Em São Leopoldo, cidade vizinha e com maior número de óbitos, a prefeitura tem feito ações nos bairros, junto com a secretaria Municipal de Saúde, com agentes da Vigilância em Saúde orientando a população. O Executivo também formalizou o pedido ao Exército Brasileiro nas ações de enfrentamento ao avanço da dengue na cidade. Além disso, o prefeito Ary Vanazzi (PT) protocolou um ofício ao Ministério da Saúde pedindo a mudança na portaria e nos critérios para que seja liberada a distribuição de vacinas conta a dengue no Rio Grande do Sul

Medidas adotadas no estado 

De acordo com Tani, o RS está operando o Plano de Contingência Estadual para enfrentamento das arboviroses urbanas dengue, zika e Chikungunya. Eçe estrutura ações de vigilância epidemiológica (VE), vigilância entomológica e controle vetorial, vigilância laboratorial, atenção à saúde, comunicação e gestão conforme o nível de alerta do território.

Adicionalmente, alinhado às diretrizes contidas no plano, o painel eletrônico de monitoramento de casos de dengue, disponível em dengue.saude.rs.gov.br, traz de forma atualizada e acessível aos profissionais de saúde, gestores e toda à população, dados atualizados com relação ao cenário epidemiológico e ambiental, além de dados sistematizados por região de saúde e município. Informa também a descrição das ações a serem implementadas para controle e mitigação dos riscos, bem como cálculo para organização das ações assistenciais.  
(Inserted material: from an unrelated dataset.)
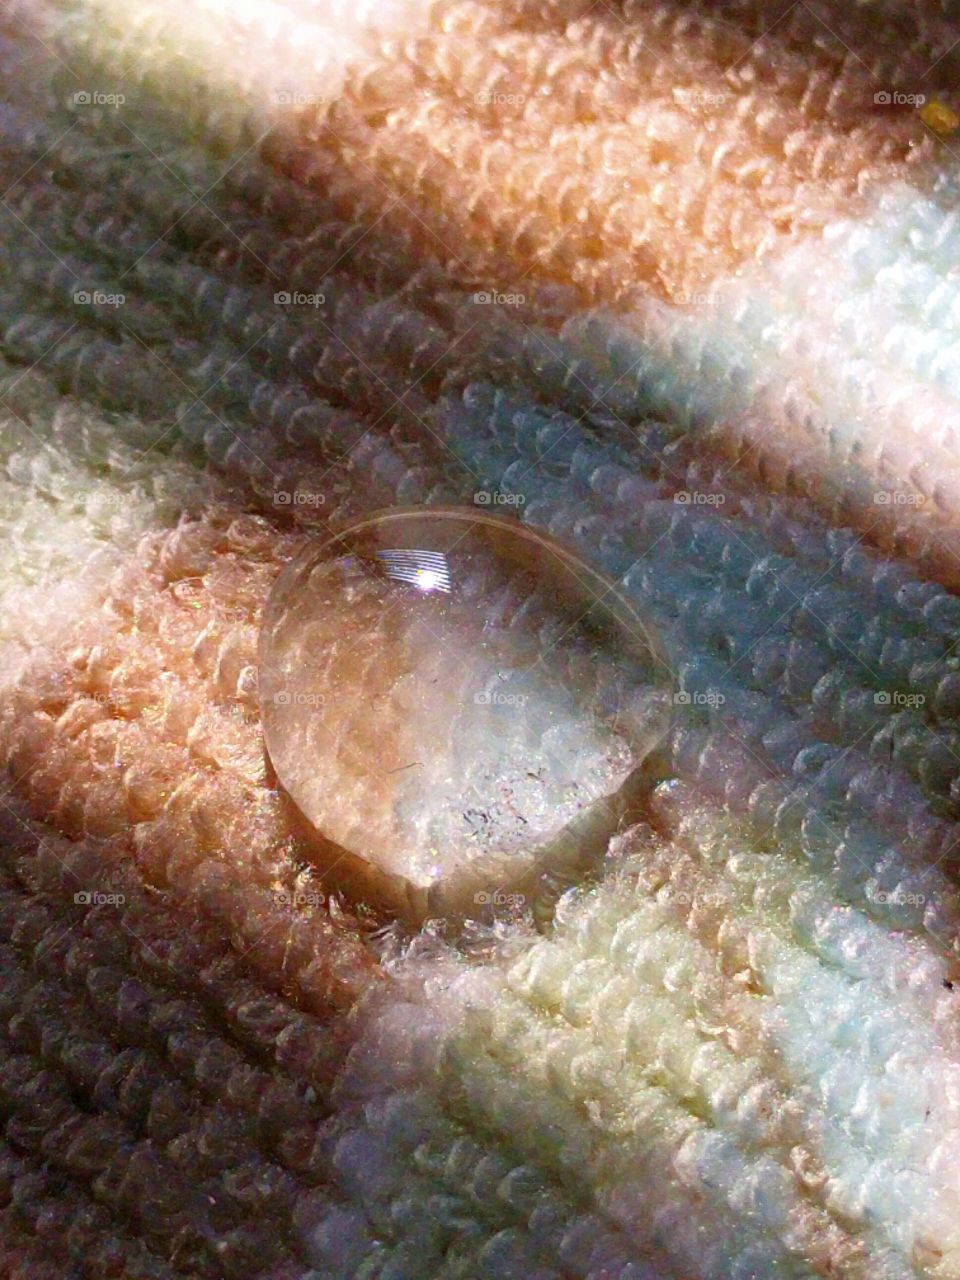 Large Droplet on Drying Towel

Além disso, prossegue a diretora do Cevs, uma ferramenta de manejo clínico foi adicionada ao painel do estado, para auxiliar na classificação de risco dos pacientes suspeitos de dengue, orientando profissionais da saúde no manejo clínico dos mesmos. E equipes técnicas da secretaria têm realizado uma série de capacitações aos municípios voltadas aos fluxos de notificação, testagem para dengue, manejo clínico e ações ambientais.
 
Adicionalmente, houve a publicação da Portaria Estadual Nº150/2024, autorizando o repasse extraordinário de recursos financeiros da Secretaria Estadual de Saúde aos municípios. Um montante de R$ 13,8 milhões, em parcela única, serve para ampliar as ações de qualificação da vigilância em saúde e assistência na prevenção de endemias com ênfase em arboviroses.